Firm freight rates globally, especially for Capesize vessels, are expected to persist for the rest of this year due mainly to increased Chinese buying activity for iron ore, market sources said Thursday.
 
Carriage rates for other vessels, including Panamax, Supramax and Handymax, are also expected to firm up, but to a lesser extent compared with the price expectations for Capesize vessels.
 
Coal traders contacted by Platts said the higher freight rates are putting pressure on FOB thermal coal prices, causing an "even wider spread" between bids and offers for the commodity.
 
One Singapore-based trader said the effect will be mainly on Australian and South African coals, which are mainly transported on Capesize vessels to China.
A second trader in Indonesia said the rising freight is surely a concern but will have only a "marginal impact" on coal sales.
 
Although C&F prices are expected to rise with the higher freight rates, Indian coal buyers have bigger issues to worry about, mainly pertaining to the depreciating rupee which makes it extremely expensive to import coal, the trader said.
 
The first trader said the rising freight rate is just another issue facing coal shippers in the currently bearish thermal coal market.
 
A Singapore-based shipping source said: "Market sentiment for bulk freights suggests the balance of this year will remain firm." He said the rise in Capesize rates is mainly due to the manner by which China imports iron ore.
 
"Chinese steel mills have this stop-start way of chartering.
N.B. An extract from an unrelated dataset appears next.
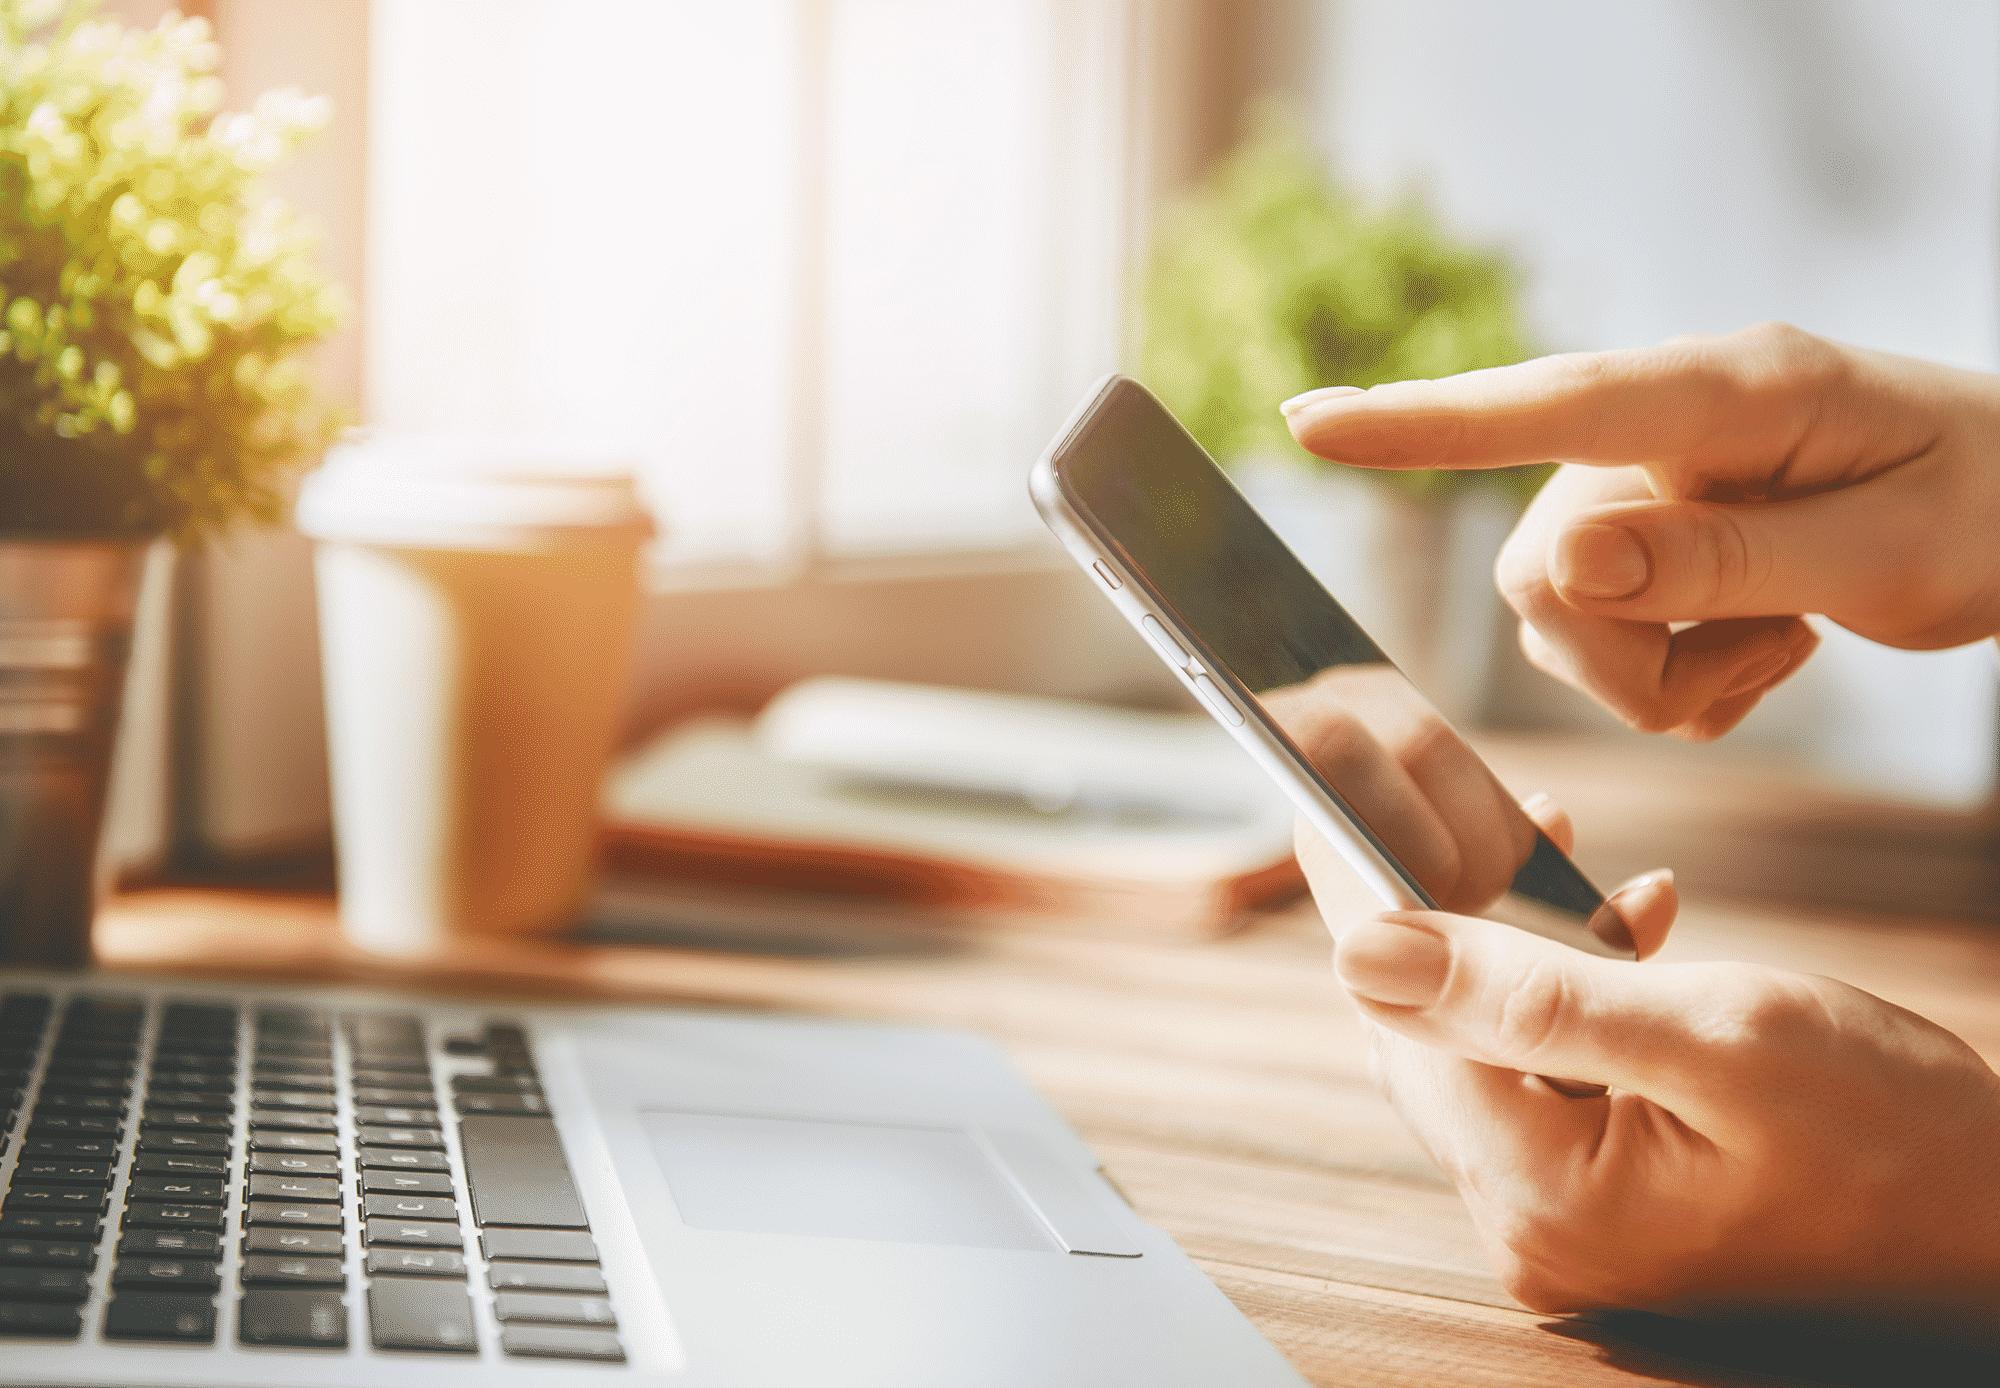 checking stocks on smartphone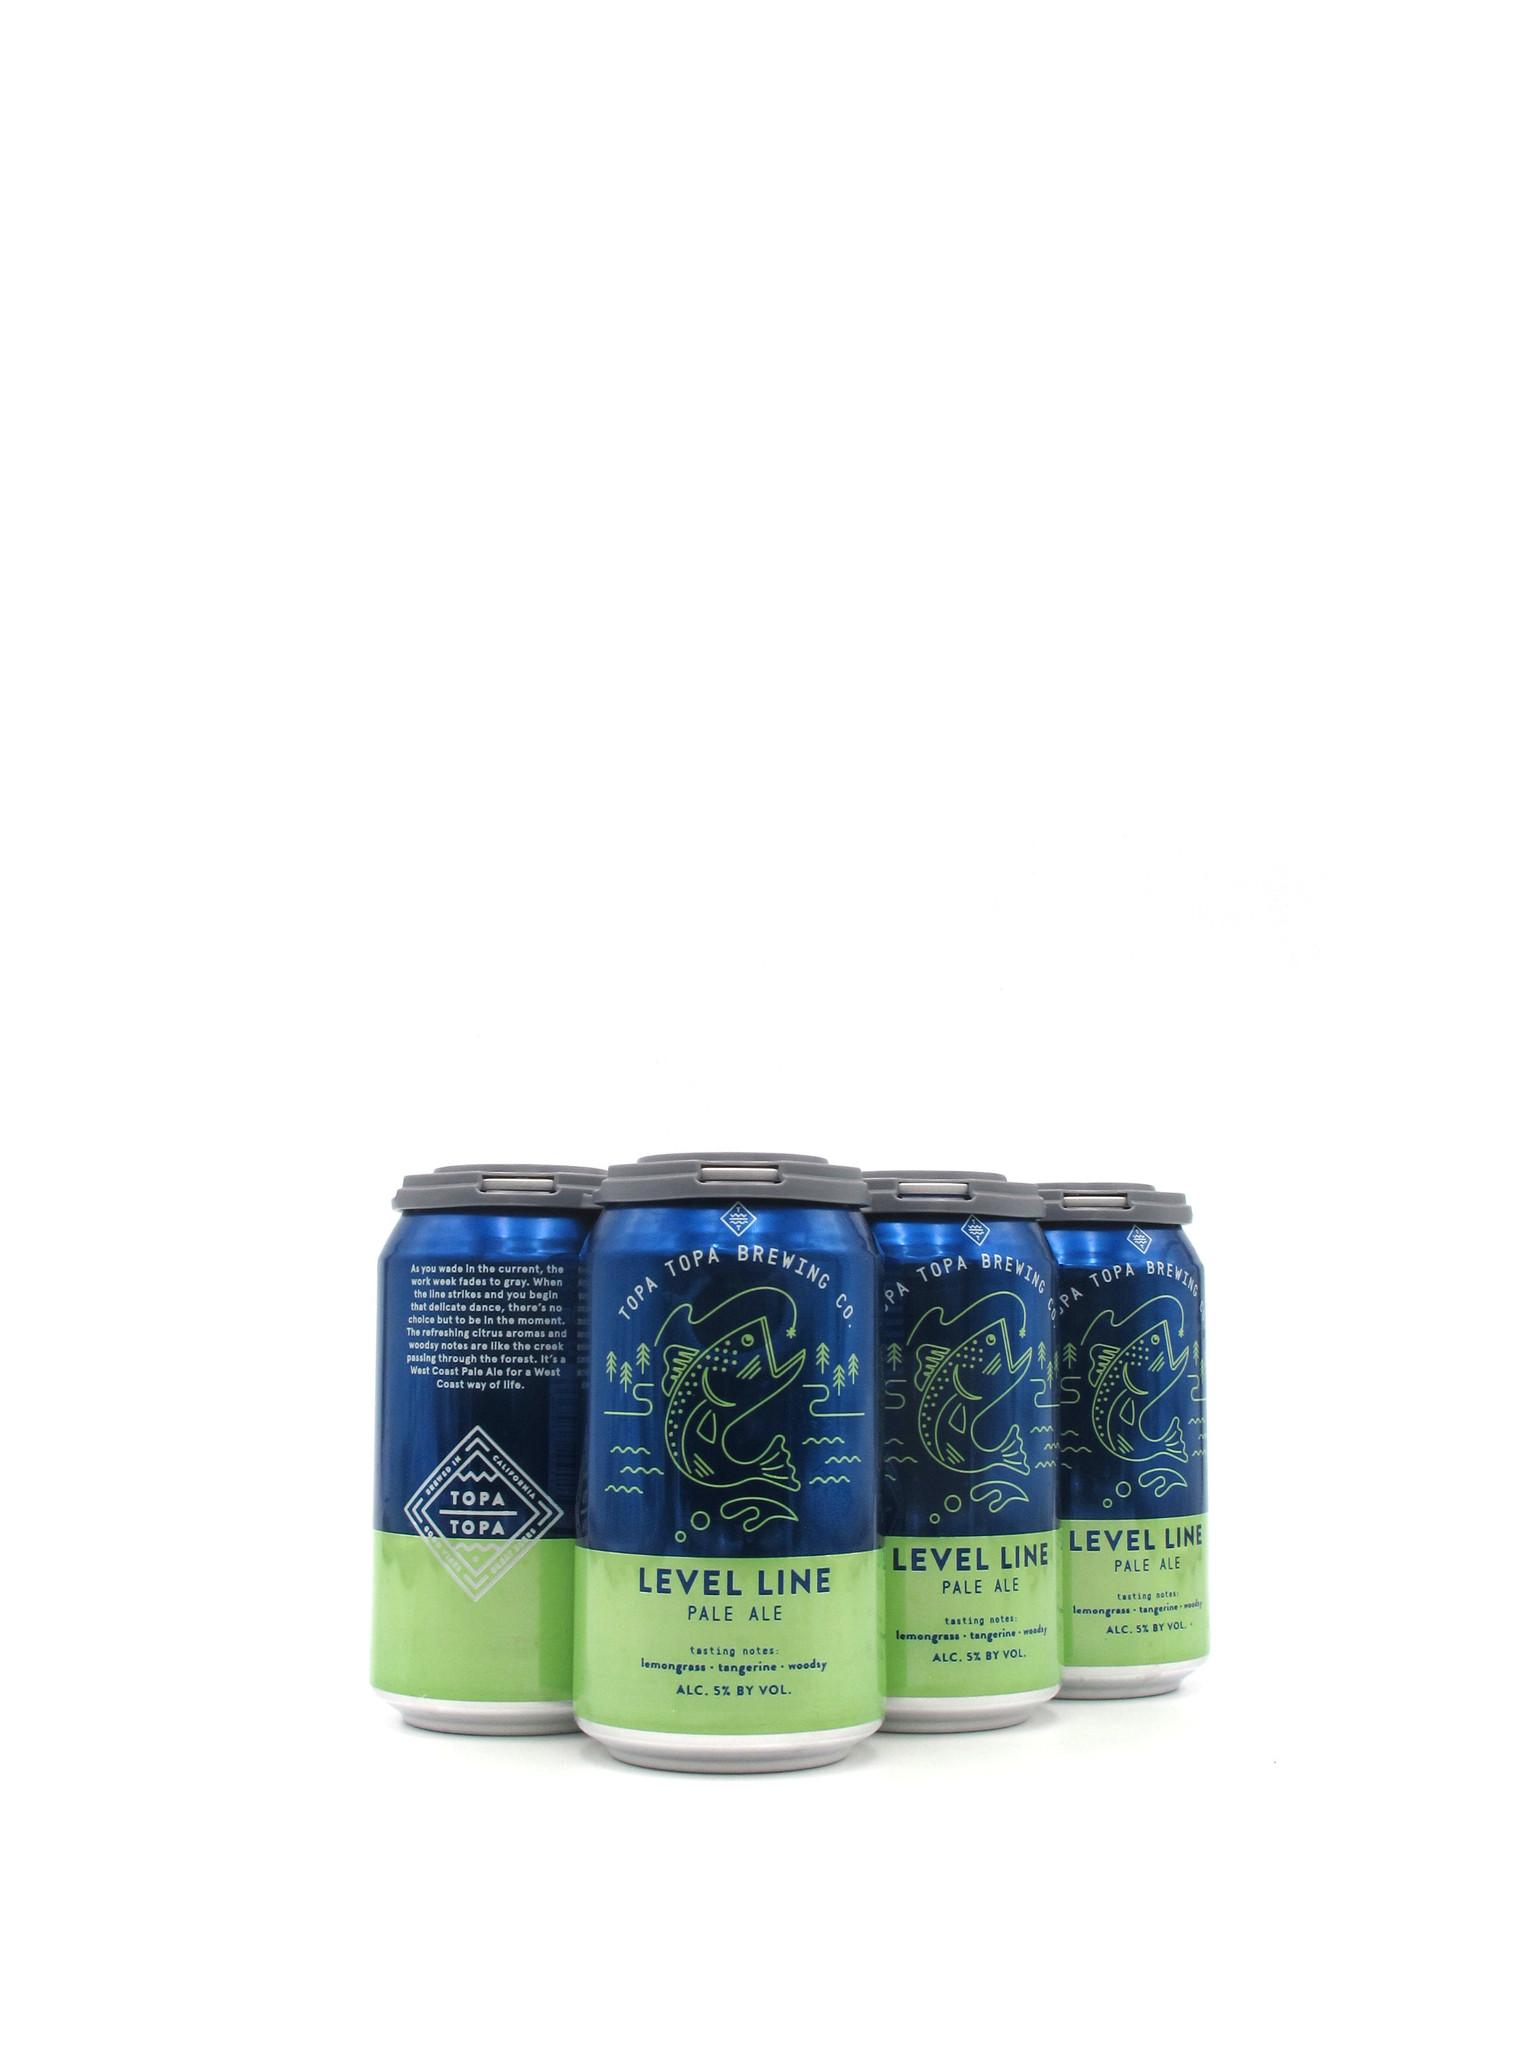 Topa Topa Brewing Co. Topa Topa Brewing Co. Level Line Pale Ale 12oz 6pk

They suddenly hit the accelerator and the Capesize market takes off. The Panamax, Supramax and Handymax rates move as market sentiment improves but the moves are not as great as in the Capesize sector," the shipping source said.
 
"Then just as quickly as they started, they stop chartering and the market goes into reverse."
 
Capesize freight rates started to show signs of improvement in mid-June from previous lows and have significantly risen in the last three weeks.
 
CHINA MILLS INCREASE IRON ORE IMPORTS
 
The shipping source said he believes Chinese mills have increased their iron ore imports on expectations that prices will rise.
 
"China is a centralized economy and who really knows what they are thinking? My personal belief is that they simply decided their stocks needed replenishing and that delivered costs were acceptable," the source said.
 
"Now that delivered costs have increased, they may well decide to take the foot off the accelerator and apply the brakes -- having done what they wanted. The same happened several times in 2009."
 
The Chinese mills are importing iron ore whose current landed prices have risen by about 20% from mid-June.
 
Platts assessed the 62% Fe Iron Ore Index at $113.75/mt on June 14, at $140.50/mt on August 15 and at $138/mt on September 4, CFR North China.
 
According to the Baltic Exchange, the daily time charter rate for Capesize vessels on June 14 was $6,300, rising to $12,909 on August 15 and to $17,854 on September 4.
 
In mid-June, the daily Panamax and Supramax time charter rates were higher than Capesize rates but this trend has lately been reversed.
 
Baltic Exchange data showed the daily time charter rate for Panamax and Supramax vessels at $6,405 and $9,408 on June 14, respectively; and at $7,374 and $9,552 on August 15. On September 4, the daily time charter rates for Panamax and Supramax vessels were $7,456 and $9,856, respectively.
 
"The rise in freight rates will obviously mean coal charterers will pay more for Panamax and Supramax ships. This is a direct effect of the rise in Capesize vessel rates. But the rise for smaller ships will not be as big because they are not too involved in the carriage of iron ore," the shipping source said.